Gary Lindstrom's research interests include programming language design, specification, and implementation, with special emphasis on relationships to databases and other forms of persistence. He is on the editorial board of International Journal of Parallel Programming, and Editor-in-Chief from its founding until 1993. With Doug DeGroot, he co-edited the book Logic Programming: Functions, Relations and Equations published by Prentice-Hall. Professor Lindstrom has served on the National Science Foundation Computer and Computation Research Advisory Committee. He has served as a Distinguished Visitor of the IEEE Computer Society, and has received the College of Engineering Outstanding Teaching Award.

Benjamin Pierce

Benjamin Pierce joined the Computer and Information Science Department at the University of Pennsylvania in September, 1998. Previously, he was on the faculty at Indiana University, and has held research fellowships at the Computer Laboratory, University of Cambridge, the Laboratory for Foundations of Computer Science, University of Edinburgh, and project Coq, INRIA-Roquencourt.
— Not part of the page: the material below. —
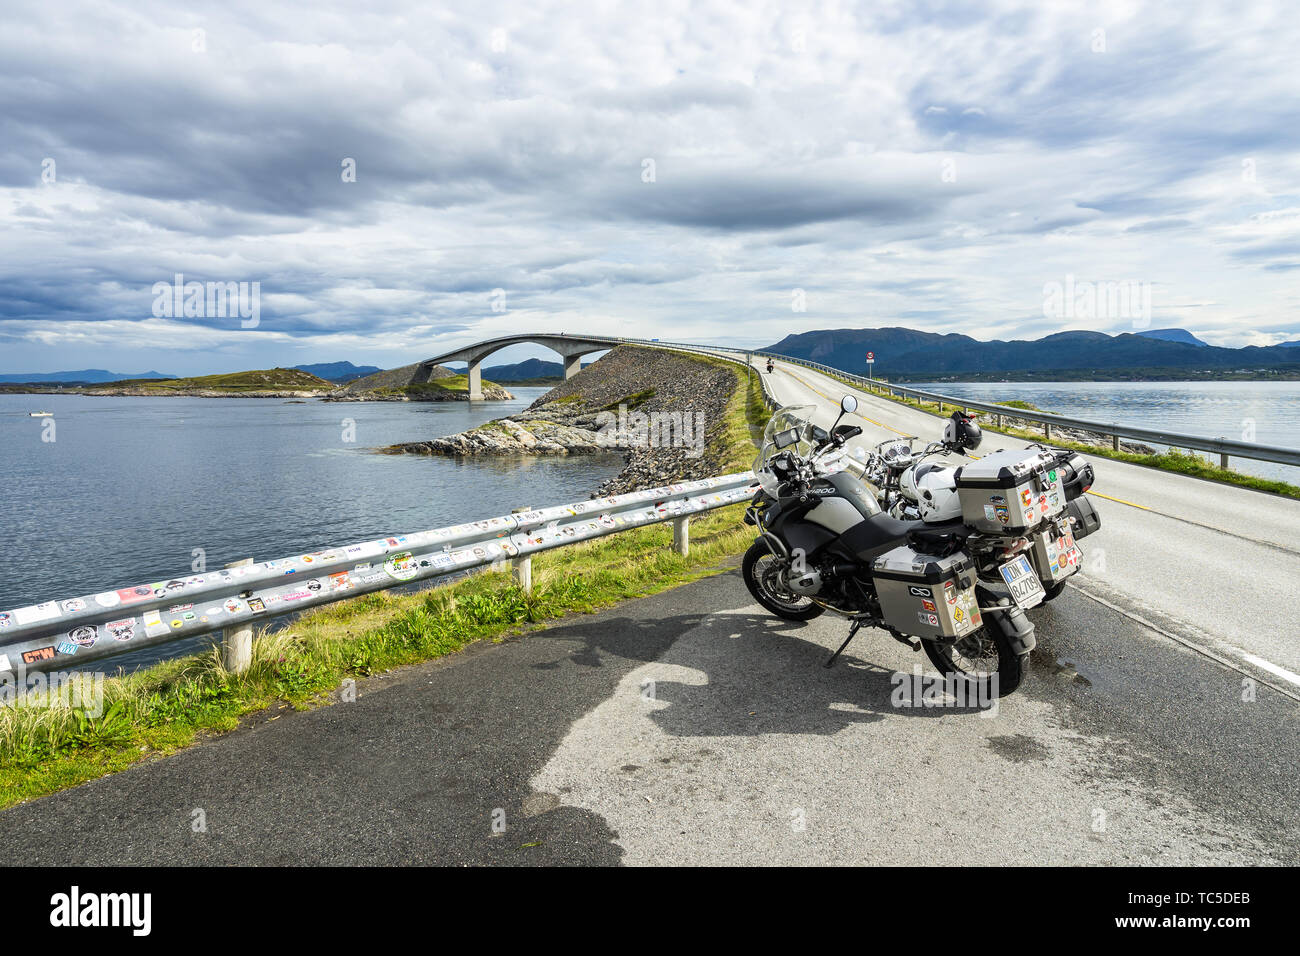 La célèbre route de l'Atlantique (Atlanterhavsveien) est l'un des préféré des routes dans le monde entier pour les motocyclistes, la Norvège Banque D'Images

Benjamin received his Ph.D. in Computer Science at Carnegie Mellon University in 1991. His research work centers on programming languages, static type systems, concurrent and distributed programming, mobile agents, process calculi, and file synchronization.

Uday S. Reddy

Uday Reddy is the Professor of Programming Languages at the University of Birmingham in England. Previously he had been on the faculty of University of Illinois at Urbana-Champaign, USA, and made research visits to Imperial College of Science and Technology, University of Glasgow and the Queen Mary and Westfield College. He has received M.Sc.(Hons) from Birla Institute of Technology and Science, Pilani and Ph.D. from University of Utah, Salt Lake City. His research interests include the semantics of programming languages, formal methods, functional programming, logic programming and object-oriented programming.